The 1870 Census shows John at age five and his brother James age 18 and Mary age 16. James is farming with his father, and Mary is “at home,” meaning she is not in school and probably sharing the domestic duties with her mother and helping to run the house. Not many schools existed at this point in history, and Kentucky was one of the slowest states in getting public schools up and running. Some of this was due to misuse of funds. The government allocated the money, but it was always spent on what was considered more important at the time.
The earliest schools were actually tuition based, meaning only the privileged children were eligible. The early free public schools were the one-room type with the wood stove in the middle of the room. Most kids attended barefoot. Even as late as the 1940s, and some even up until 1960s in Appalachia, the one-room schoolhouses still operated.
The census shows Elisha’s birth date as 1821, which is six years earlier than first stated. He and Betsey were ages 44 and 41 when John was born.
1870 United States Federal Census about Elisha Dean
Name: Elisha Dean
Age in 1870: 49
Birth Year: abt 1821
Birthplace: Tennessee
Home in 1870: Orangeburg, Mason, Kentucky
Race: White
Gender: Male
Post Office: Orangeburg
Name Age
Elisha Dean 49
Elizabeth Dean 46
James Dean 18
Mary Dean 16
John Dean 5
I wonder if my great grandfather as a little boy enjoyed the river and the boats coming and going, like most boys his age.
I know hardly anything about my great grandfather, no family stories or facts. I don’t remember Grandma ever saying anything about her father-in-law.
Was he a heavy drinker like his son, my grandfather Frank? What kind of man was he?
I think I can answer that question in Chapter 7, at least as far as his character as a husband and father are concerned.
And then I wonder about Elisha, John’s father. I like to think of Elisha as a decent guy. I know he was a farmer, meaning he did not work in the coal mines like many Kentucky mountain men.

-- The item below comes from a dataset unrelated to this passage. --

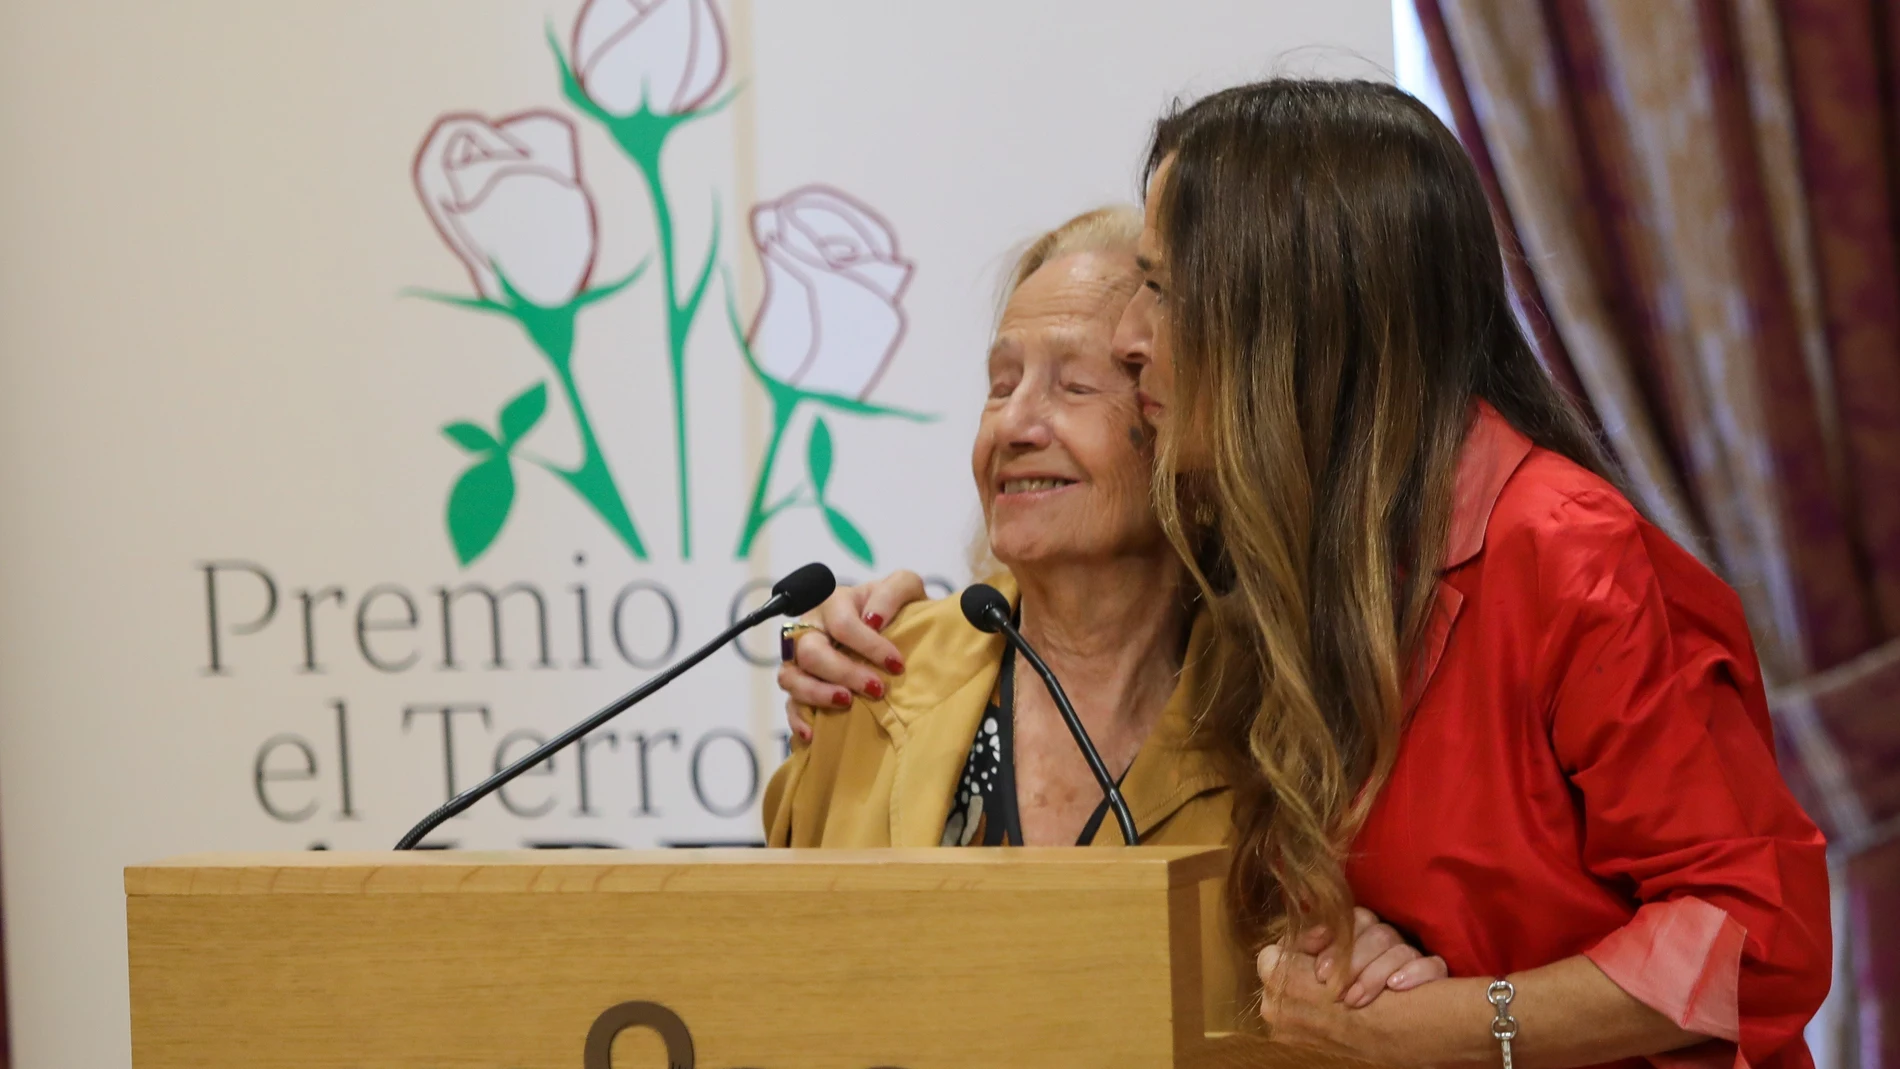 María José Barrio Azcutia recibe el premio de la Fundación Jiménez-Becerril

I know a lot of farmers here in my little community in Tennessee, and they're well respected.
I don’t think Elisha was a sharecropper because the family owned farm land in 1850, in Morgan County.
I guess, like so many farmers in that time period, Elisha was in search of better land. A better place to make a home for his family. First the family left Tennessee for Kentucky, and now he moves to another farm quite a distance away for those times.
I wonder if he bought land in Orangeburg and had to build a cabin on it, or if there was a dwelling already on the land.
I sure wish I had an ancestor still living who knew the answers to my questions, who could show me pictures of the people and places I write about. But I have to simply use my imagination along with the facts I dig up.